Java Fork/Join + Groovy

This is an executable blog post. Download the post here and run it using Groovy with jsr166y.jar in your classpath. This was created and presented for the Groovy Users of Minnesota group.

Introduction

Brian Goetz on the need for better Java support for parallelism: "The Java language has had support for threads and concurrency from day 1; the language includes synchronization primitives such as synchronized and volatile, and the class library includes classes such as Thread. However, the concurrency primitives that were sensible in 1995 reflected the hardware reality of the time: most commercially available systems provided no parallelism at all, and even the most expensive systems provided only limited parallelism. In those days, threads were used primarily for expressing asynchrony, not concurrency, and as a result, these mechanisms were generally adequate to the demands of the time."

"As multiprocessor systems started to become cheaper, more applications needed to exploit the hardware parallelism they provided, and programmers found that writing concurrent programs using the low-level primitives provided by the language and class library was difficult and error-prone."

"As we enter the many-core era, we will need to find finer-grained parallelism or risk keeping processors idle even though there is plenty of work to do.... Java 7 will include a framework for representing a certain class of finer- grained parallel algorithms: the fork-join framework."

About Fork/Join
Fork/Join for Java is a framework developed by Doug Lea, based on his original paper from June 2000. Fork/Join algorithms are parallel versions of divide-and-conquer algorithms. If a task is small, then it is calculated sequentially on a single thread. If a task is large, then it is divided into several parts and each part is added to a queue for later computation. Queued tasks are free to divide again, be worked on by any worker thread, or queue up waiting if the maximum number of threads has been reached. When all the pieces have been divided up and calculated, then a final result is calculated off the partial results of the distributed pieces. "Fork" refers to the division of tasks, and "Join" refers to the merging of results.

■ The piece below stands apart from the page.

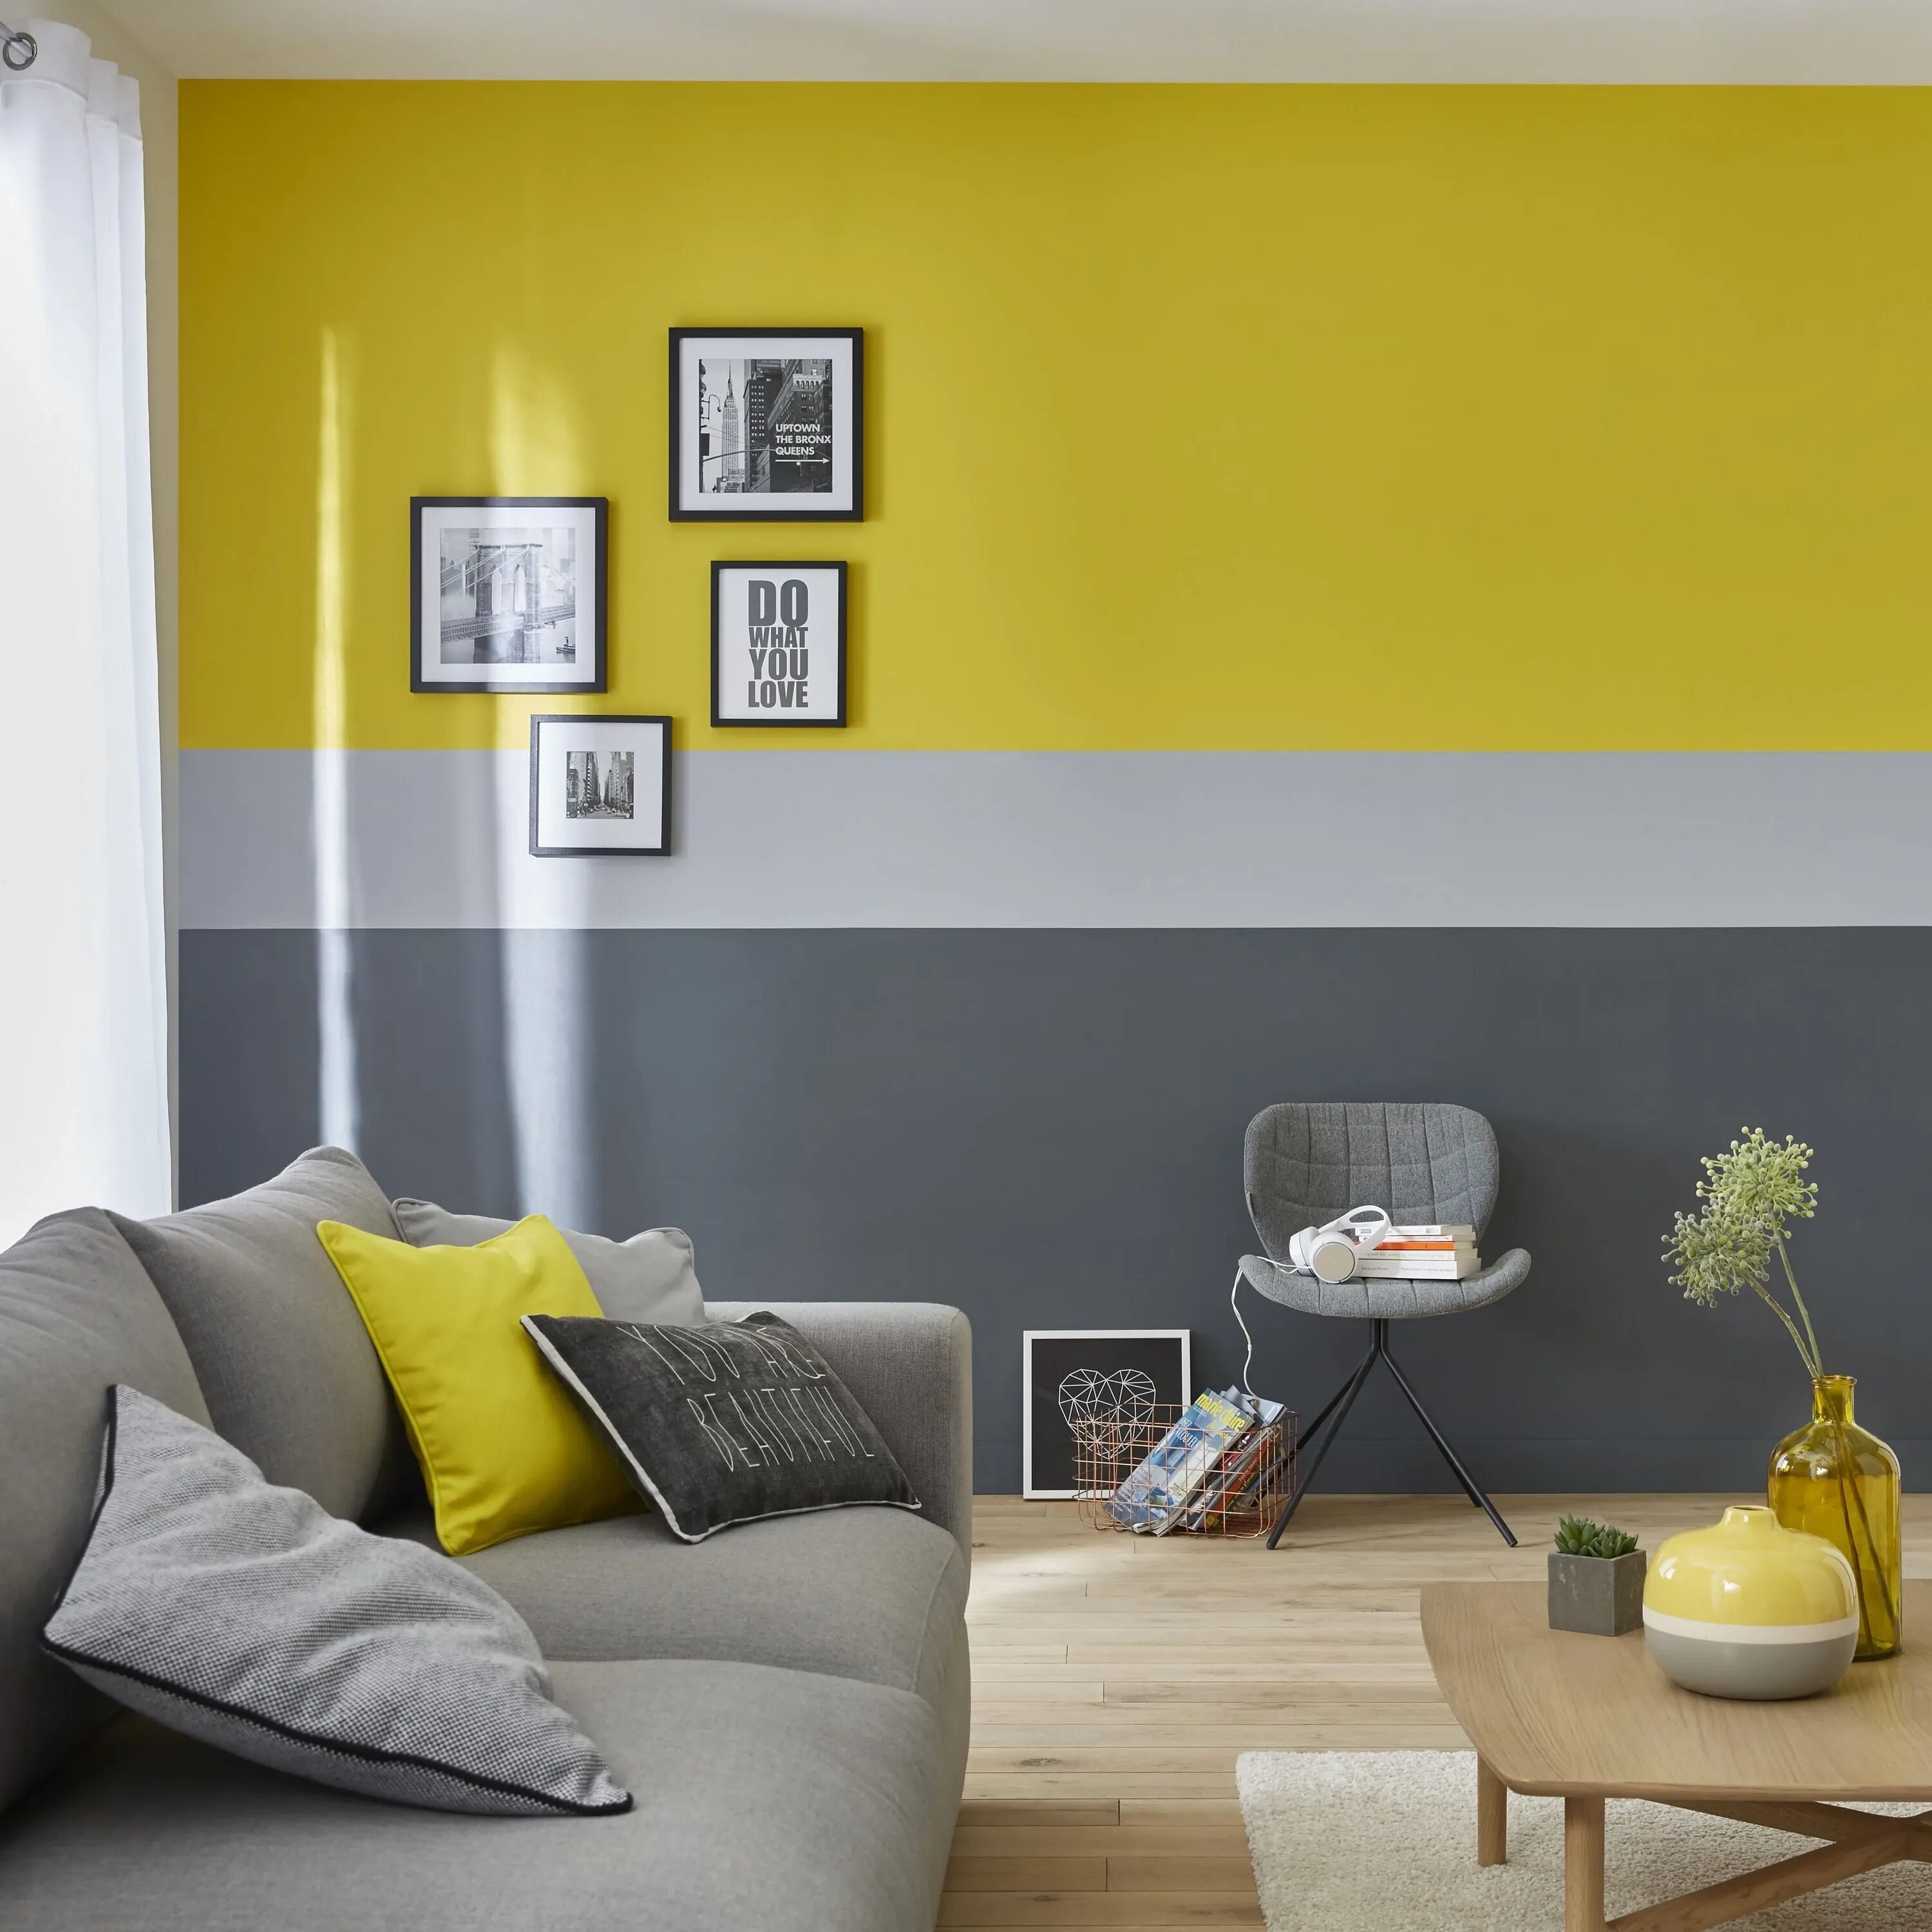 Покраска стен в интерьере. Покрашенные стены. Крашеные стены в интерьере. Желтые стены в интерьере. Модная покраска стен.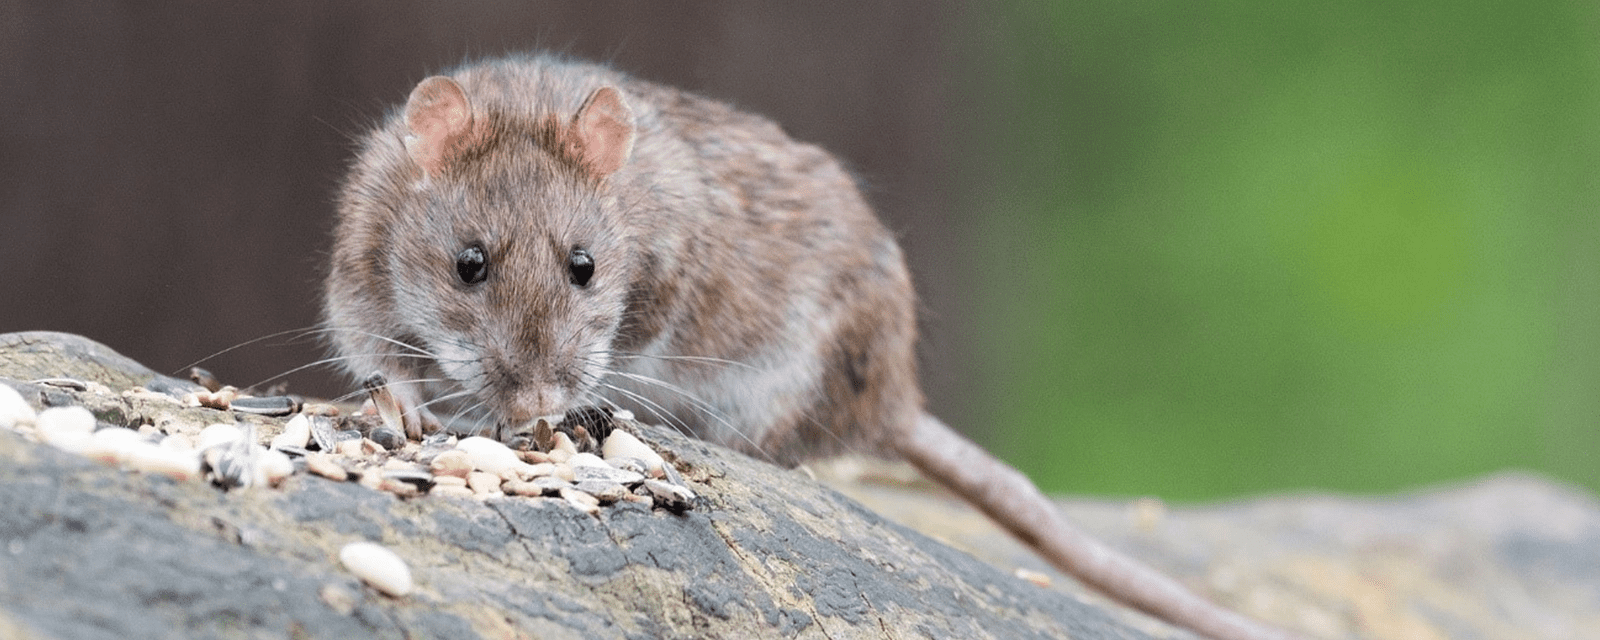 Rat eating seeds on a log

Fork/Join is similar to MapReduce in that they are both algorithms for parallelizing tasks. One difference is that Fork/Join tasks know how to subdivide themselves if too large, whereas MapReduce algorithms typically divide up all the work into portions before the algorithm starts.

The cleverness of fork/join lies in its worker scheduling method called "work stealing". Each worker thread maintains a double ended queue of tasks. Any forks of a task get pushed onto the head of that thread's deque, not back onto the general threadpool. Workers execute tasks in youngest first order. When a worker has no more tasks to run it attempts to steal a task from another worker by grabbing the tail of the other thread's deque. When a worker thread has no work and fails to steal any from others, it backs off.

One advantages of work stealing is reduced contention because stealers take tasks from the opposite end of the deque than workers. Another advantage occurs because recursive divide-and-conquer algorithms generate larger tasks early. Older, stolen tasks provide larger units of work leading to further recursive division.

Fork/Join is being developed by the JSR expert group using the name jsr166y. The main JSR 166 was included in Java 5 and the java.util.concurrent classes.

Useful Links
This file is a guide to using Groovy with Java Fork/Join (JSR 166y).
JSR Home: http://jcp.org/en/jsr/detail?id=166
Concurrency Interest: http://gee.cs.oswego.edu/dl/concurrency-interest/
Wiki: http://artisans-serverintellect-com.si-eioswww6.com/default.asp?W1
JSR API: http://gee.cs.oswego.edu/dl/jsr166/dist/jsr166ydocs/
Downloadable Jar (Tested with Java 6): http://gee.cs.oswego.edu/dl/jsr166/dist/jsr166y.jar Original Paper: http://gee.cs.oswego.edu/dl/papers/fj.pdf
Brian Goetz on Fork Join:
Part 1: http://www.ibm.com/developerworks/java/library/j-jtp11137.html
Part 2: http://www.ibm.com/developerworks/java/library/j-jtp03048.html

Table of Contents

import jsr166y.forkjoin.ForkJoinPool
import jsr166y.forkjoin.ForkJoinExecutor
import jsr166y.forkjoin.RecursiveAction
import jsr166y.forkjoin.ParallelArray
import jsr166y.forkjoin.Ops.Predicate
import jsr166y.forkjoin.Ops.Procedure
import jsr166y.forkjoin.Ops.ObjectToDouble
import jsr166y.forkjoin.Ops.DoubleReducer
import jsr166y.forkjoin.ParallelDoubleArray.SummaryStatistics
A ForkJoinPool is a host for a group of ForkJoinWorkerThreads that perform ForkJoinTasks. ForkJoinPool does not implement the Java ExecutorService interface because it only executes ForkJoinTasks, not arbitrary Runnables.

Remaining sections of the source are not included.